▶ _PROBLEM DETAILS_: What's needed is an exact copy of the lines from the one that contains "KOMMUNION: Det feires" to the end of the data below, leaving the pictures out.

___ MATERIAL PROVIDED ___

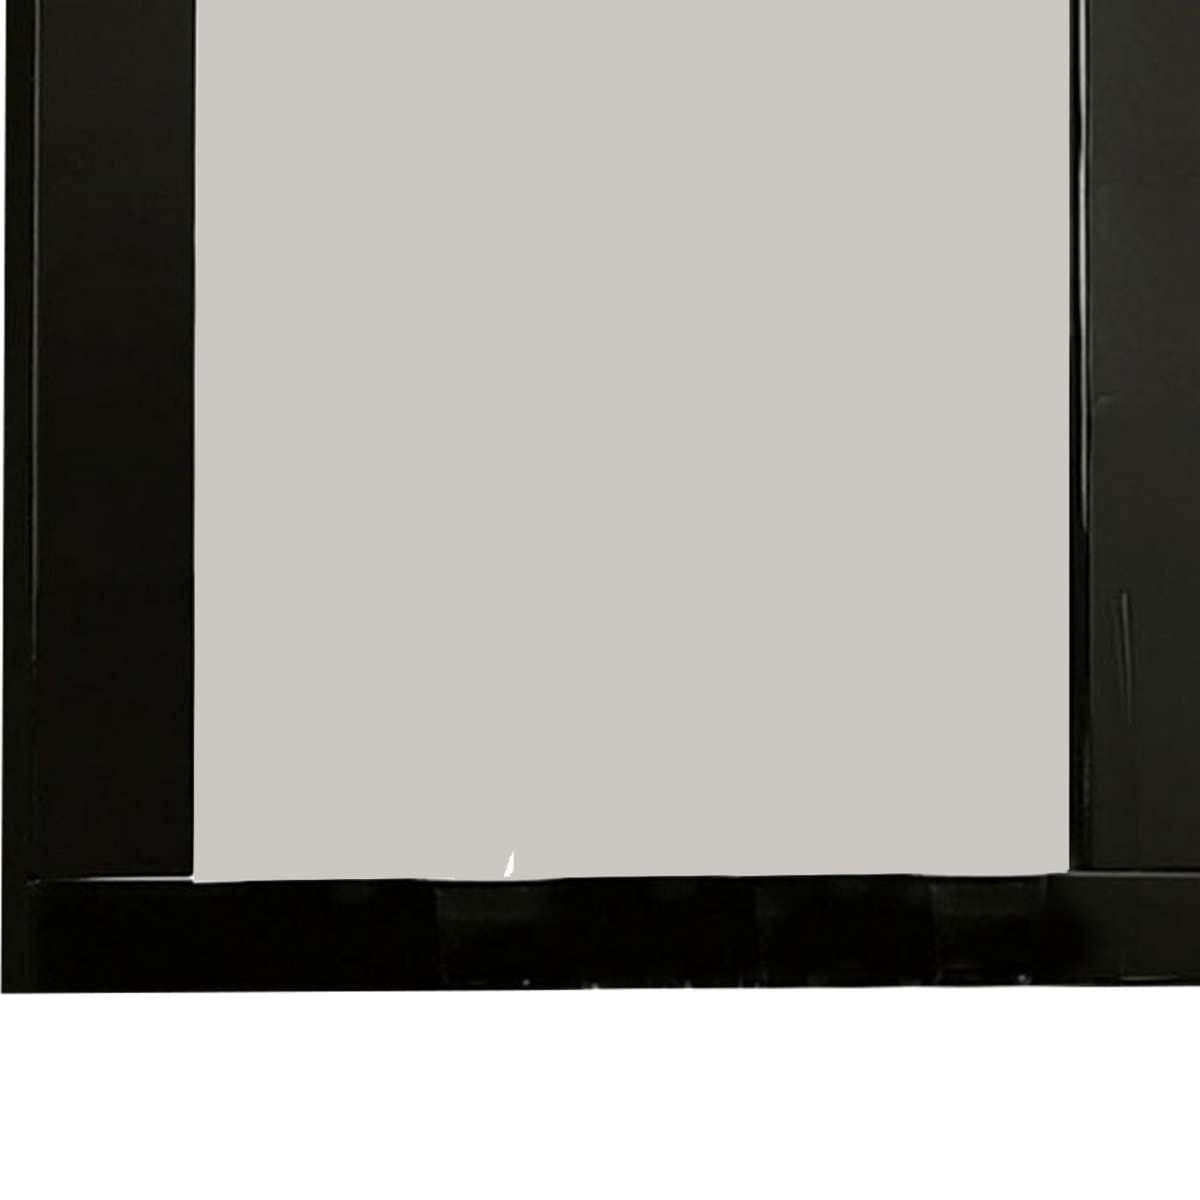 Benzara 37 Inch Rectangular Mirror With Wooden Frame, Black By Benzara Mirrors BM233769
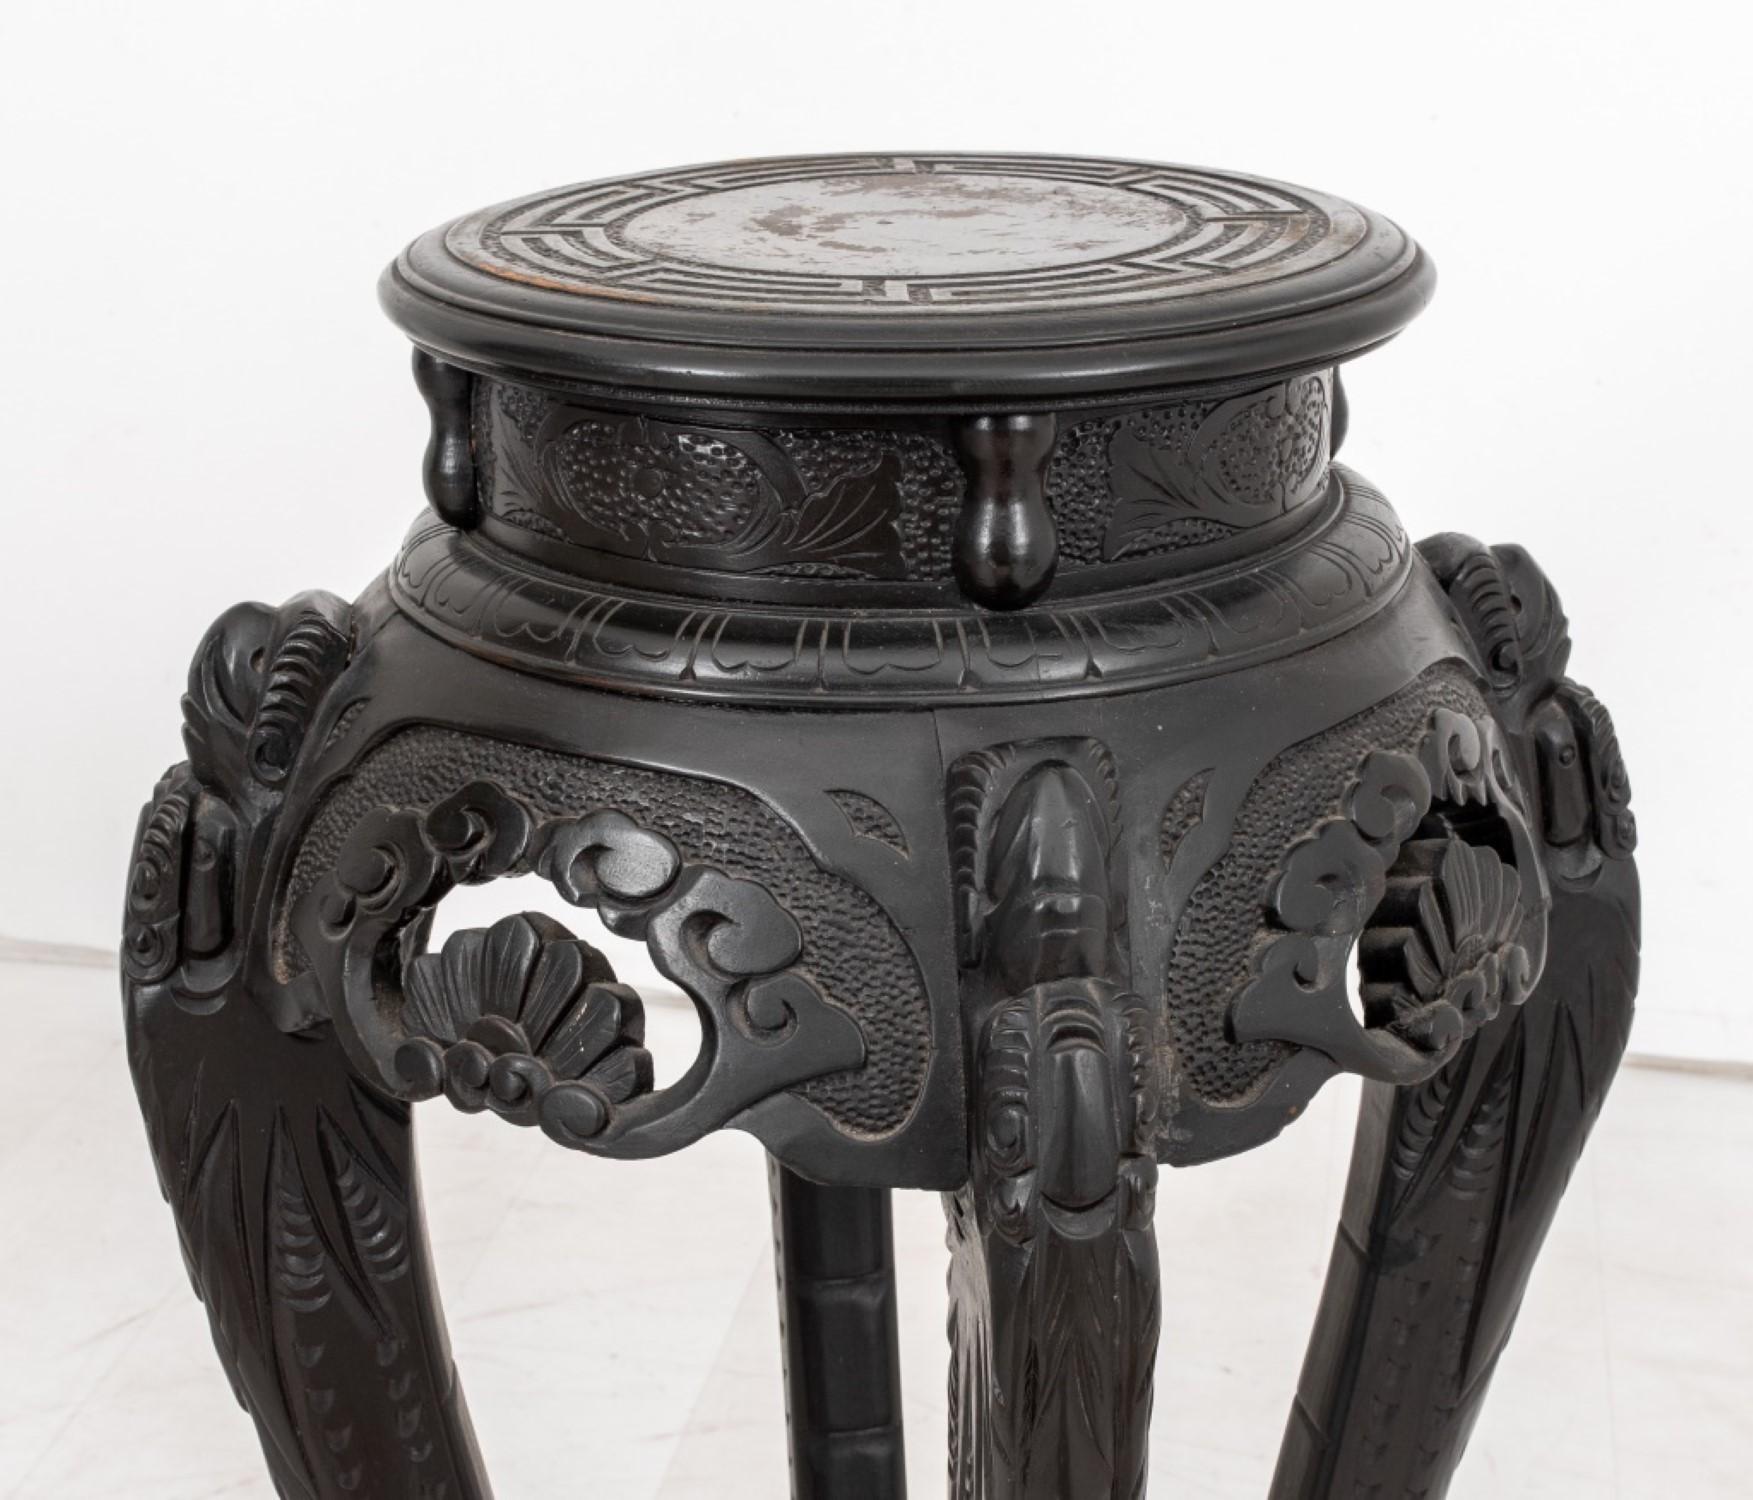 Le support de plantes ou la petite table sculptée chinoise a des dimensions de 34
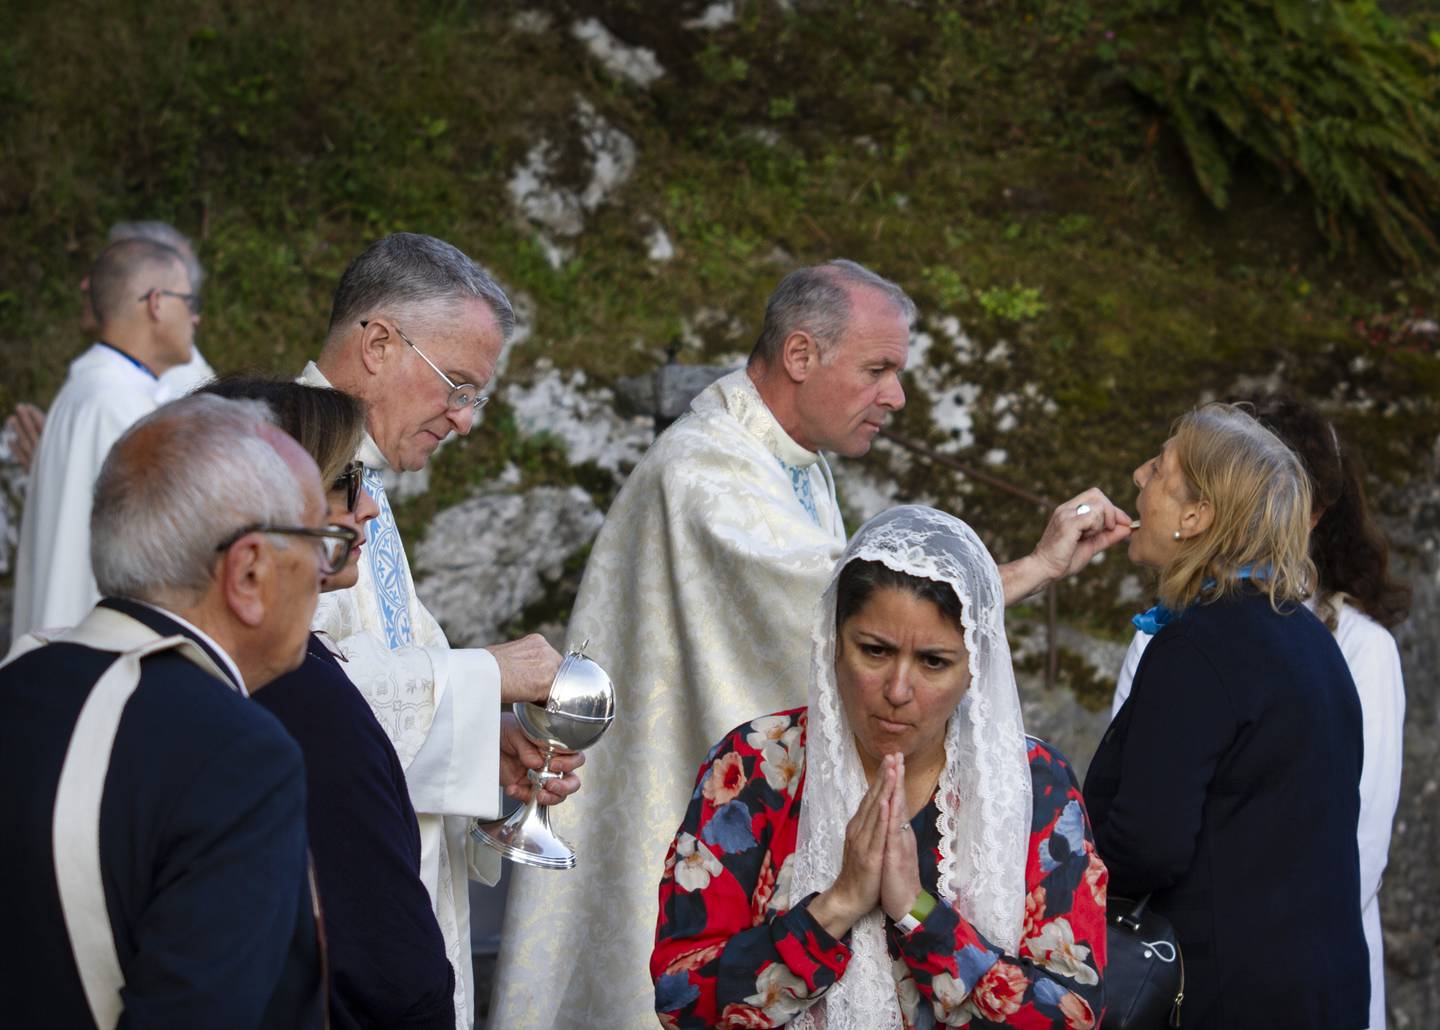 KOMMUNION: Det feires messe i grotten i Lourdes under militærvalfarten forrige helg. Religiøse ritualer kan spille en viktig rolle for veteraner som sliter med moralske skader og tilbaketrekning.
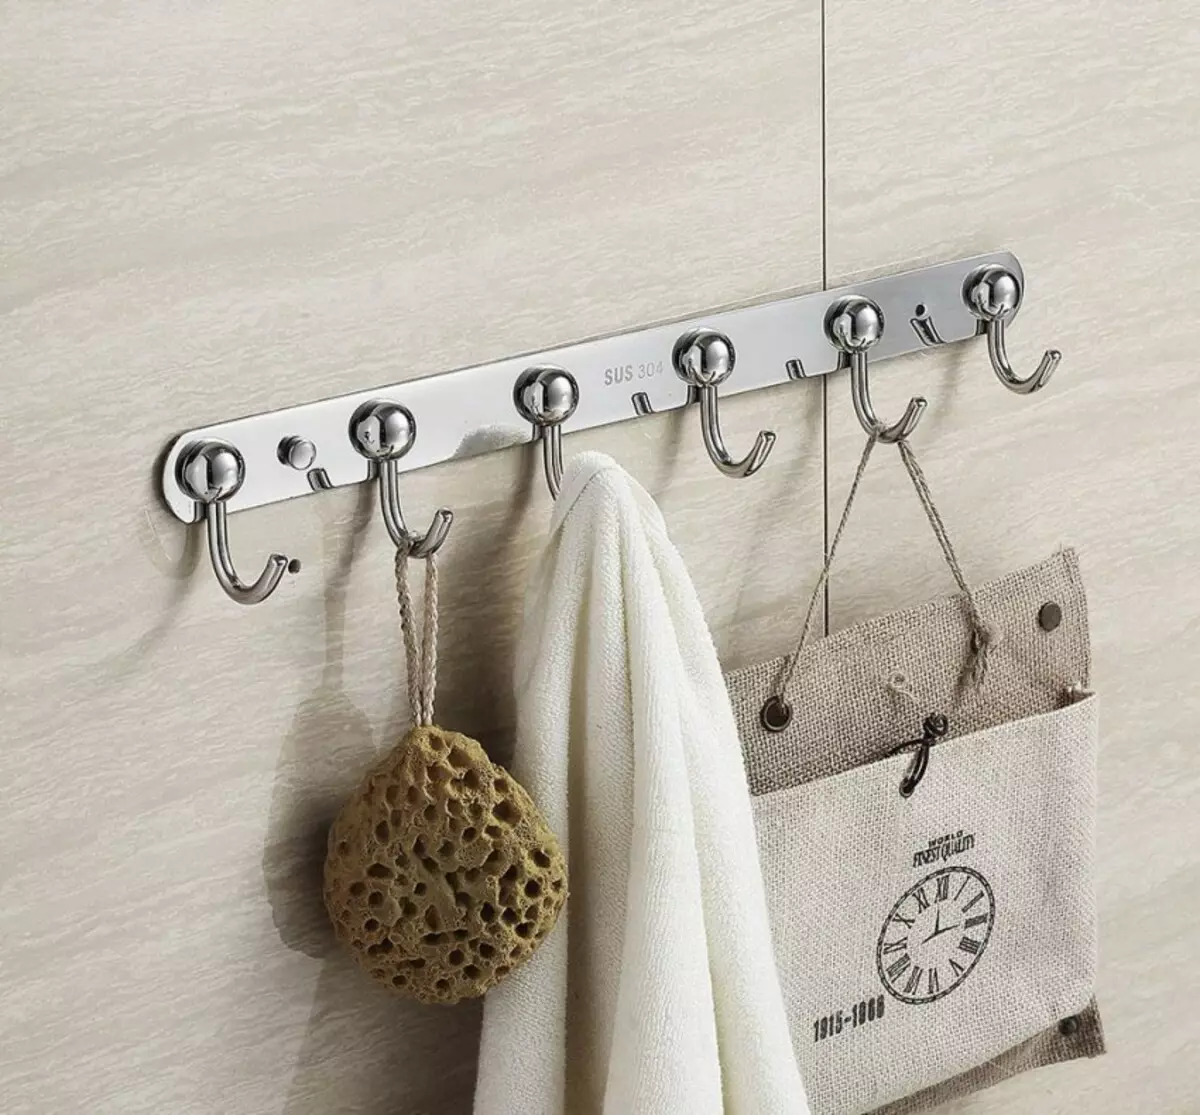 浴室衣架：牆壁滑動浴室衣架，門鉤，地板衣架等 10420_19

___

▶ _YOUR RESPONSE_:
 KOMMUNION: Det feires messe i grotten i Lourdes under militærvalfarten forrige helg. Religiøse ritualer kan spille en viktig rolle for veteraner som sliter med moralske skader og tilbaketrekning.
 浴室衣架：牆壁滑動浴室衣架，門鉤，地板衣架等 10420_19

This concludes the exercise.